#### MATERIAL PROVIDED
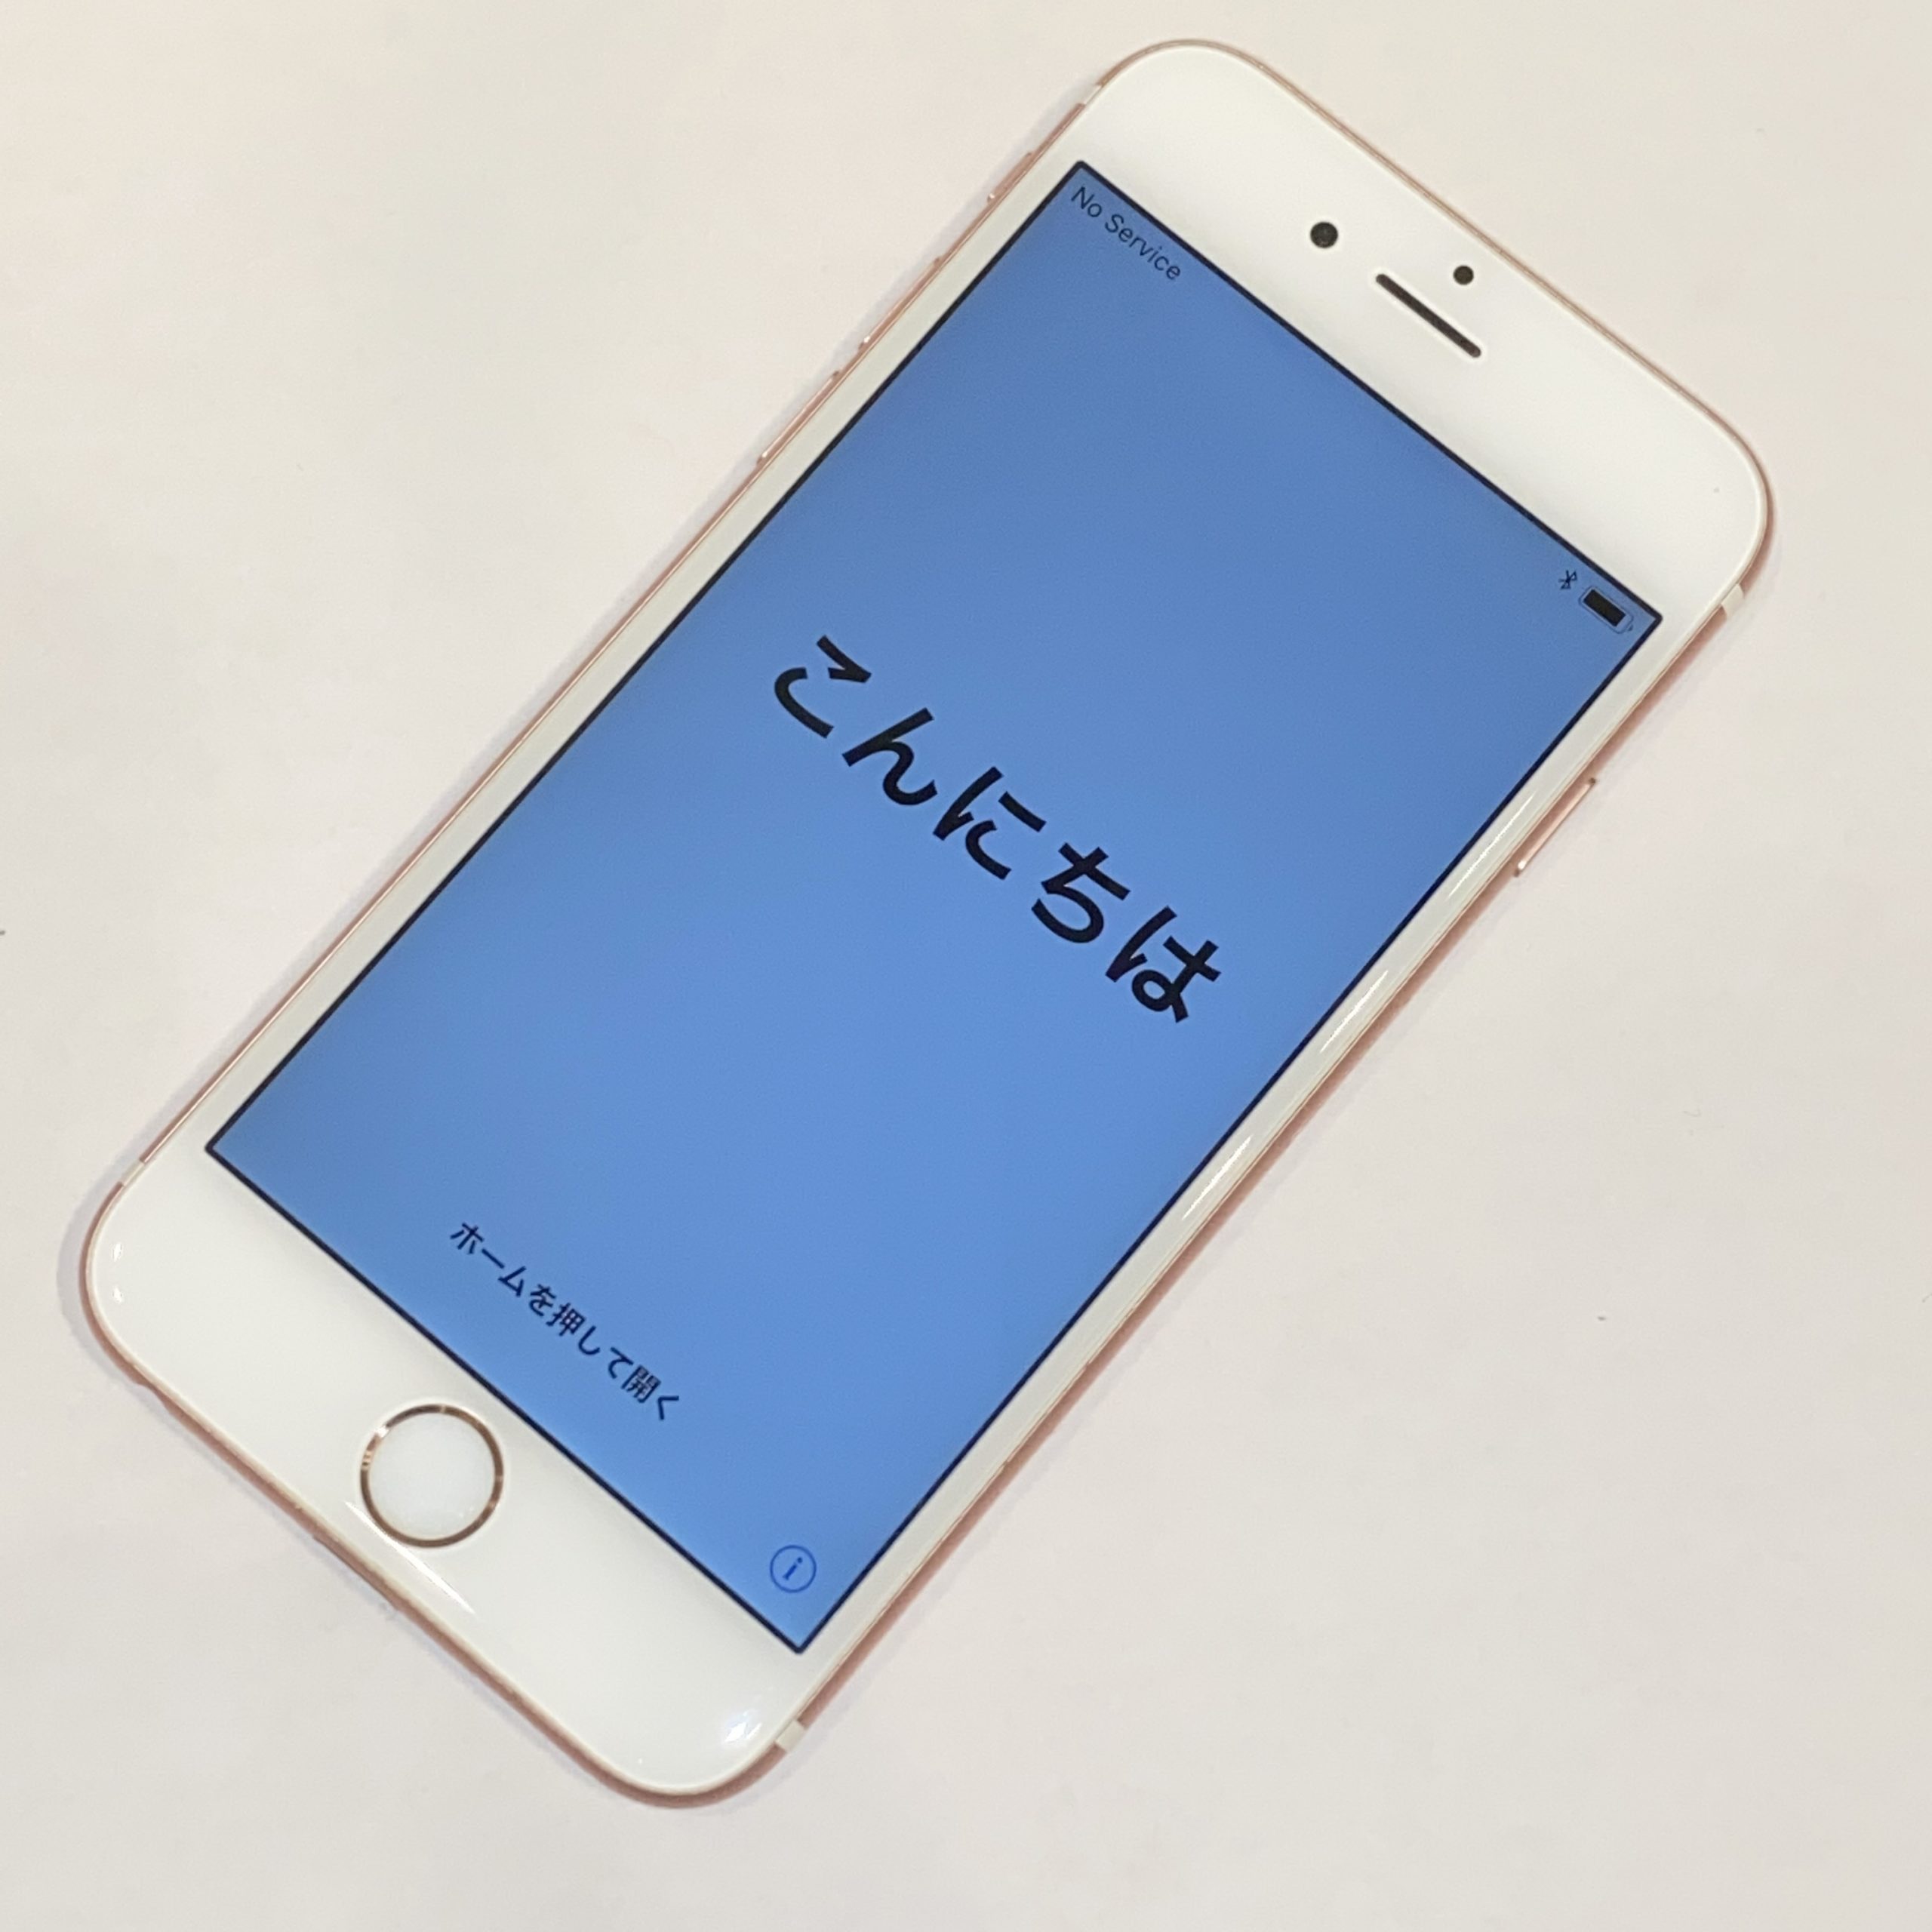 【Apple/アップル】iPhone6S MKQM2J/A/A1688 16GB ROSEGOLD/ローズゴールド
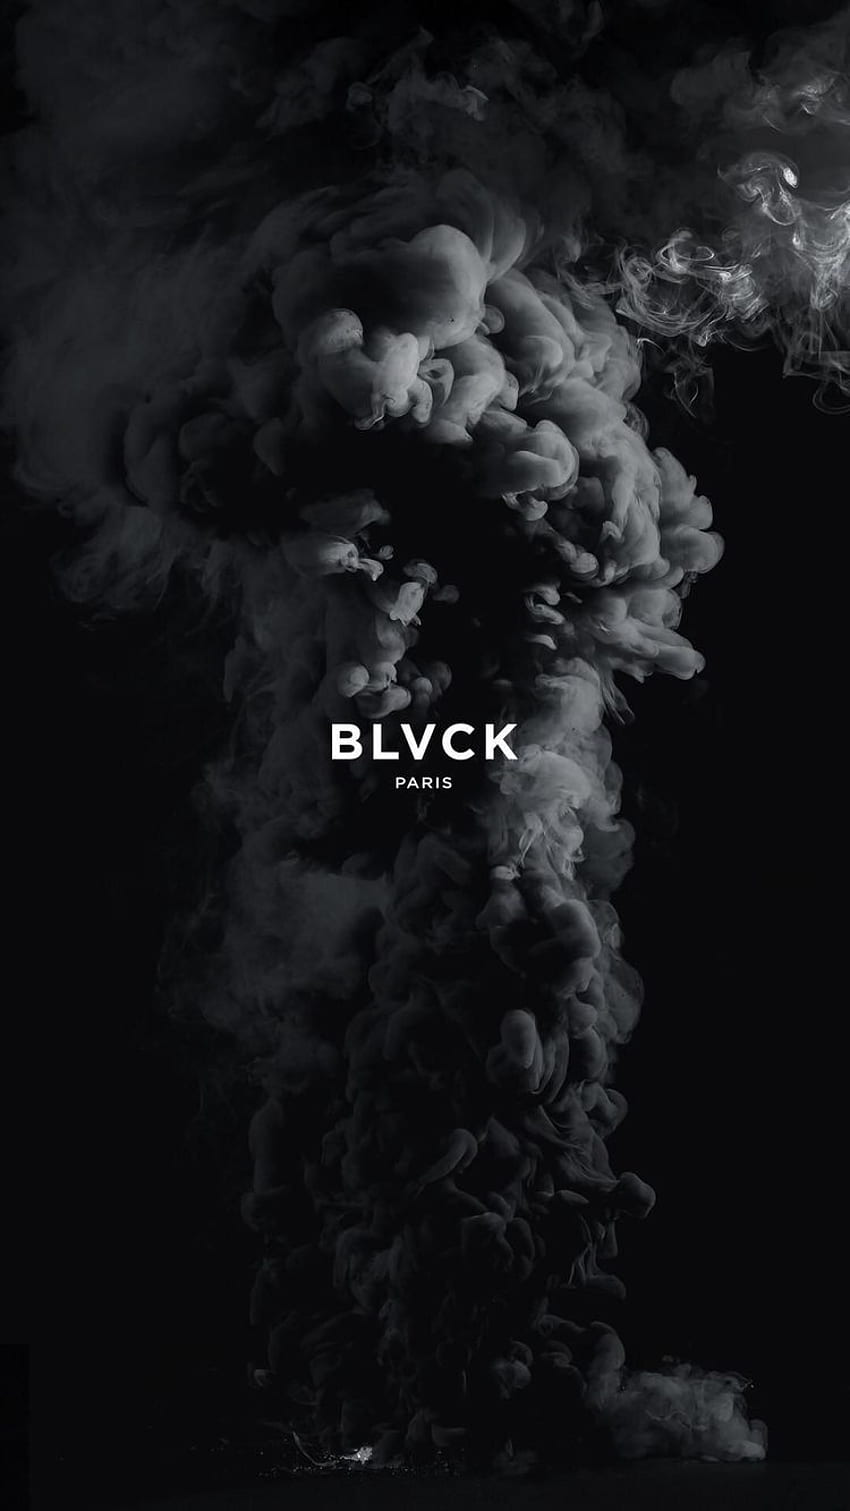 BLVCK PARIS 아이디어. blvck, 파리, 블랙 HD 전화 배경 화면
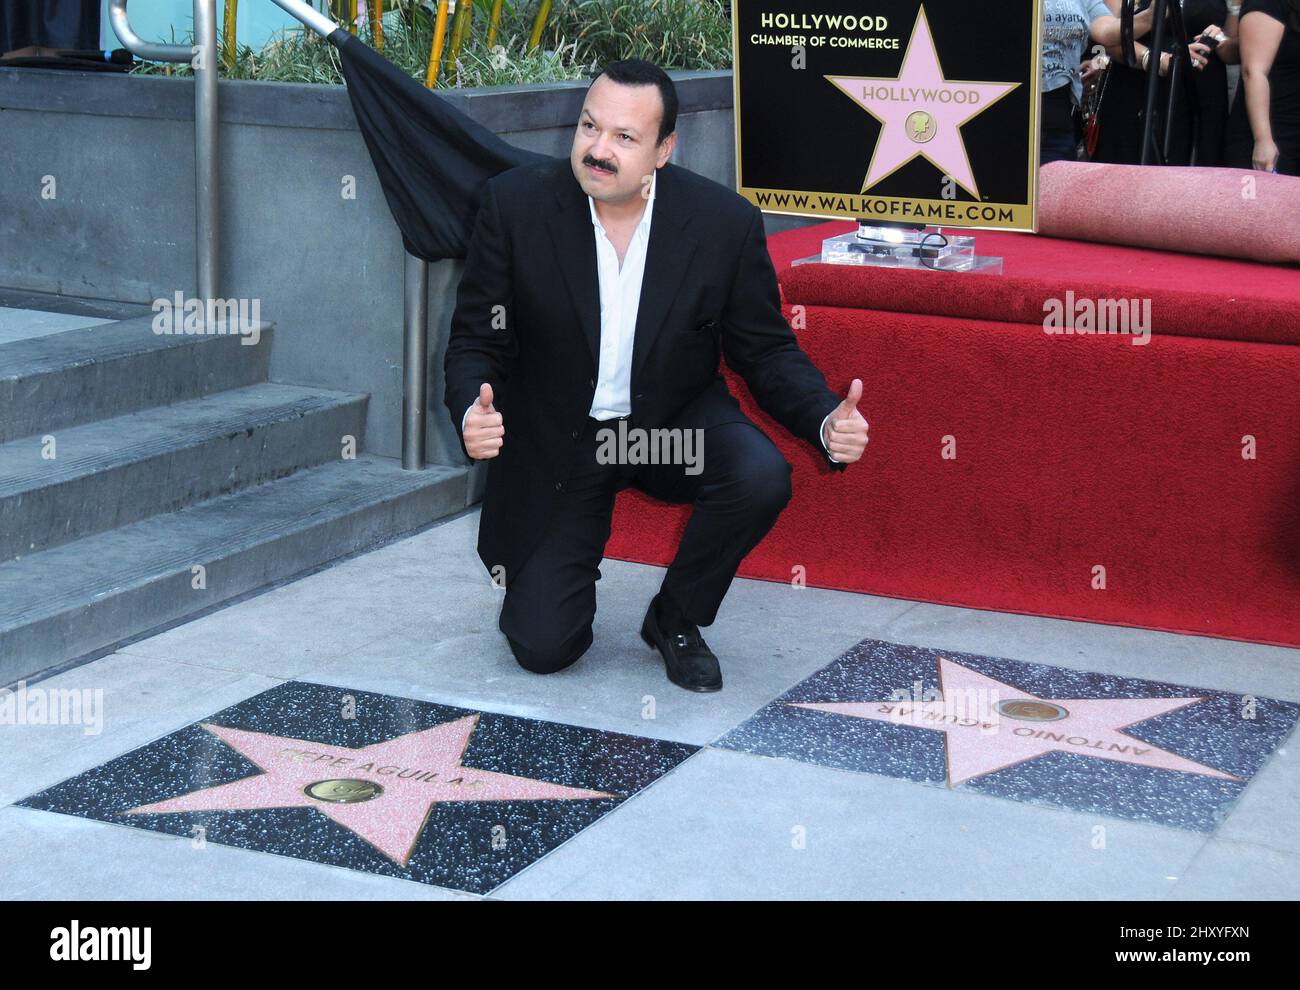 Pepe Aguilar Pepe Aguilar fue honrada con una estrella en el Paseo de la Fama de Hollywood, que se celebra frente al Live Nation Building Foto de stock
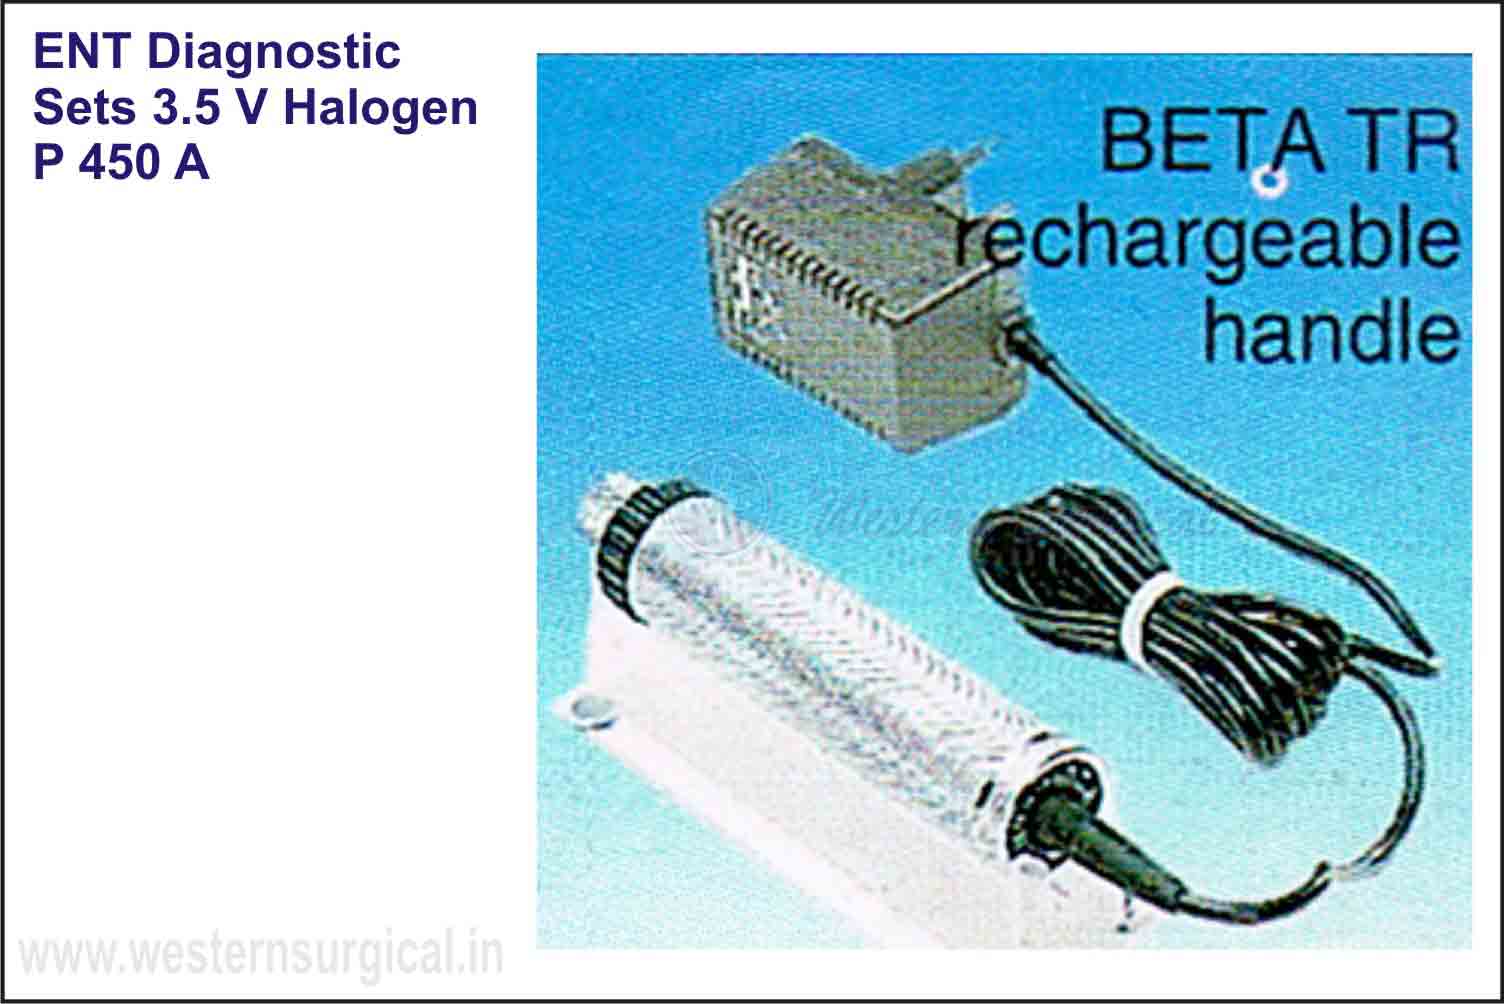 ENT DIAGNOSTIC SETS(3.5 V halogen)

#### EXERCISE DIRECTIONS
Please write every line above out exactly as given, except for any pictures.

#### EXPECTED ANSWER
 【Apple/アップル】iPhone6S MKQM2J/A/A1688 16GB ROSEGOLD/ローズゴールド
 BLVCK PARIS 아이디어. blvck, 파리, 블랙 HD 전화 배경 화면
 Pepe Aguilar Pepe Aguilar fue honrada con una estrella en el Paseo de la Fama de Hollywood, que se celebra frente al Live Nation Building Foto de stock
 ENT DIAGNOSTIC SETS(3.5 V halogen)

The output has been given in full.